The fourth annual Nowruz celebration hosted by Dr. Moridi
|Dr. Reza Moridi, Premier Dalton McGuinty in a photo with the volunteers who with their efforts had made the event possible.|
For three hours, attendees of the fourth annual Nowruz celebration at Queen’s Park gathered at the St. Lawrence lounge of the Macdonald building and shared one of the oldest cultural traditions of ancient Iran.
The event, hosted by Richmond Hill MPP Dr. Reza Moridi, featured several Liberal Party MPPs, prominent members of the Iranian-Canadian community throughout the GTA, representatives from other cultures that celebrate the holiday and the guest of honor, Ontario Premier Dalton McGuinty.
Joining the tea drinking Iranians were several of Moridi’s Liberal supporters, including Ontario Members of Parliament Eric Hoskins, Gerry Philips, Glen Murray and Kathleen Wynne along with Richmond Hill city councilor Godwin Chan.
Tea and Iranian desserts were consumed around an artistic “Haft-Seen Table,” a table with seven items that start with the letter S.
The seven items, Sabzeh (lentil sprouts), Samanu (Iranian pudding), Seeb (apple), Senjed (dry fruit), Seer (galic), Somaq (Sumac spice), and Serkeh (vinegar), represent the seven angelic heralds of life-rebirth, health, happiness, prosperity, joy, patience and beauty.
The evening began with greetings from the popular Haji Firuz, a character who reminds Iranians of the coming New Year by hitting the streets with his tambourine and giving glad tidings with song and dance.
The event continued with a poem written and recited by Amoo Nowruz, the older, wiser mythical character who is said to usher in the New Year. Unlike his sidekick, Hajji Firuz, Amoo Nowruz gives out gifts on the eve of the vernal equinox much like his Western counterpart, Santa Clause.
McGuinty gave a crowd pleasing speech after welcoming everyone by saying ‘saleh now mubarak,’ which is Farsi for happy new year. In his speech, the Premier touched on how the Iranian community in Ontario has added to the growth of the economy. He also showed awareness of Iran’s current societal issues when he finished his speech by reaching out to the citizens of Iran.

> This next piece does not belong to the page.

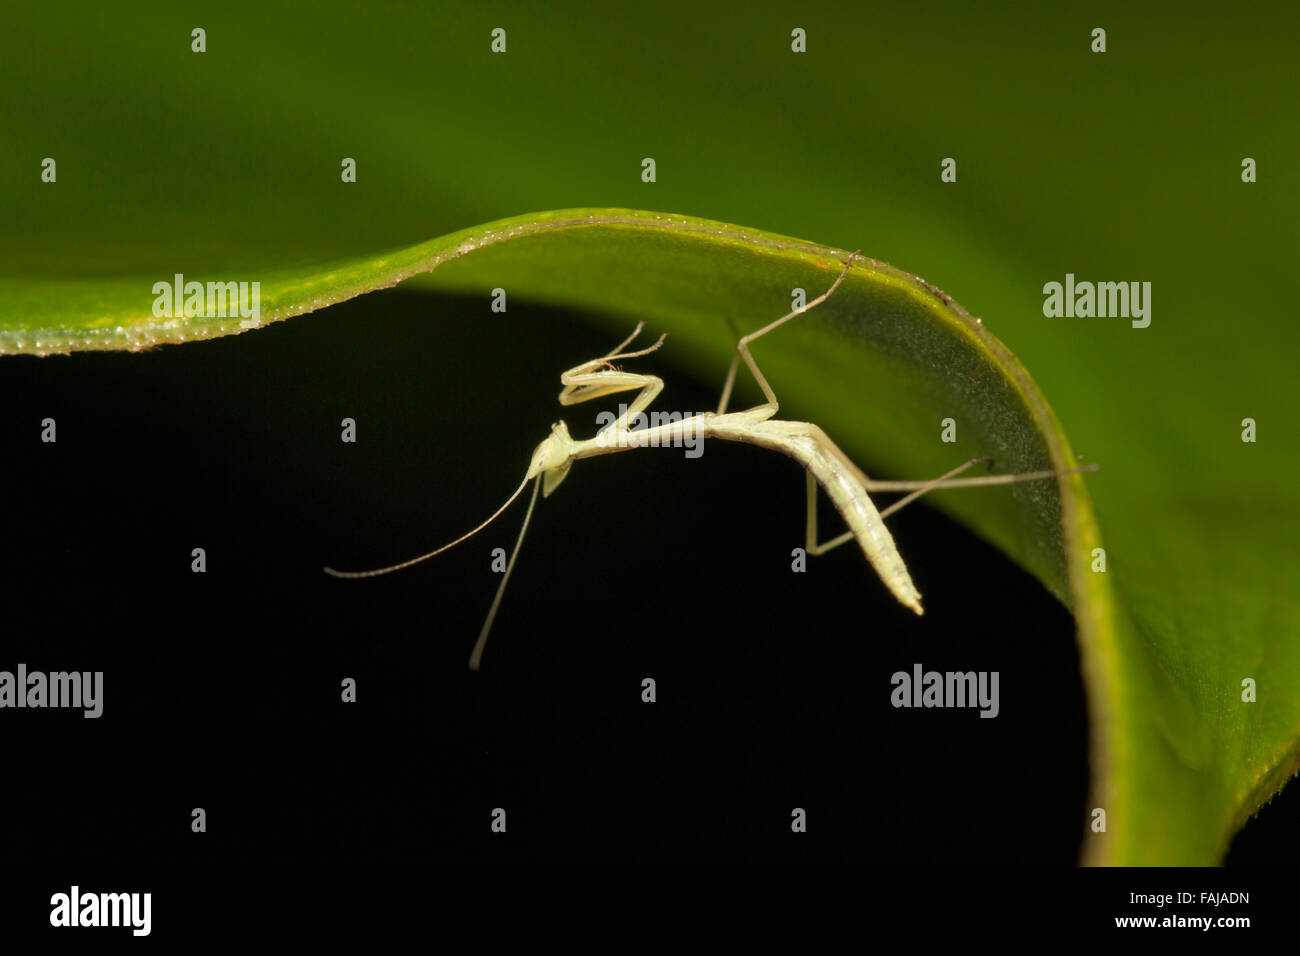 Mantis, Ordnung Mantodea, Aarey Milch Kolonie, Indien Stockbild
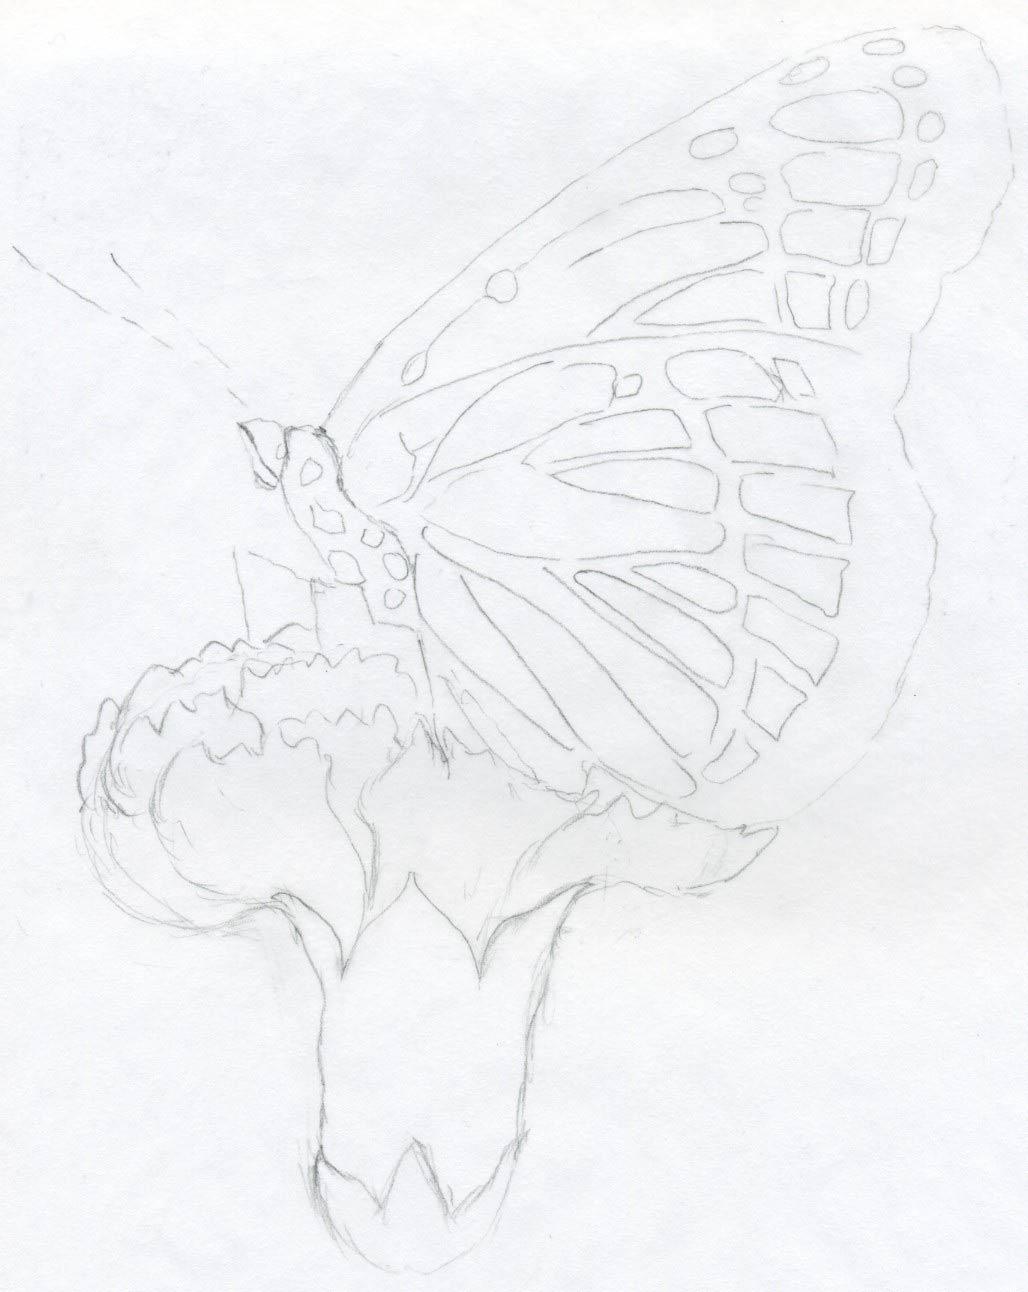 1028x1292 Pencil Sketch Girl Barbie Pori With Flower Barbie Image Pencil

“It is my earnest wish that soon the people of Iran will come to know what you and I enjoy together here; the rich freedoms which are after all the birthright of people everywhere on this tiny planet that we share together,” he said.
McGuinty made the listeners chuckle when he lightheartedly gave thanks to a few ancient Persian innovations including windmills, banking, and the guitar before making a special request.
“This year, I’d like to ask Hajji Firuz for a big majority government,” McGuinty quipped.
This was the first year the two characters were featured at the event and they were received with great enthusiasm, especially from Don Mills MPP Kathleen Wynn, who received the most applause when introduced by Moridi.
“I think what it does is it allows a community to come together in a public space and strengthen a relationship with government,” said Wynn. “I really think it is such a rich culture that has been brought to Ontario so I feel very much at home.”
Nowruz has been celebrated for at least 3,000 years and is deeply rooted in the rituals and traditions of the Zoroastrian religion. Today, it is celebrated in Iran, Iraq, India, Afghanistan, Tajikestan, Uzbekistan, Azerbaijan, Kazakhstan, and Kyrgyzstan.
Toronto Iranians Community Group’s president Mohammad Sheikholeslami who was also in attendance said that the event is getting better every year, adding that non-Iranian participants are intrigued with the holiday.
“They are very interested in Haft-Seen and what it symbolizes,” he said. “To me, this is part of integrating into the Canadian society and bringing our culture, in this case, Nowruz, to the GTA community,” he continued.
Some of the participating cultural organizations included the Zoroastrian Society of Ontario, Ismaili Muslim Community in Ontario, and the Afghan-Canadian Senior Centre.
Dr. Moridi has made this event an annual one since his inception as Richmond Hill’s MPP in 2007, and was one of the main advocates for the motion to recognize Nowruz, before the House of Commons passed it on March 30, 2009.
Moridi is in the last year of his first term as Richmond Hill’s MPP, and will be a candidate for a second term. If he does win his second term, Iranian-Canadians will likely be celebrating up to four more Nowruz celebrations at Queen’s Park. Moridi is confident that the party will continue.
“I am 100 per cent sure that we will be here next year,” he said.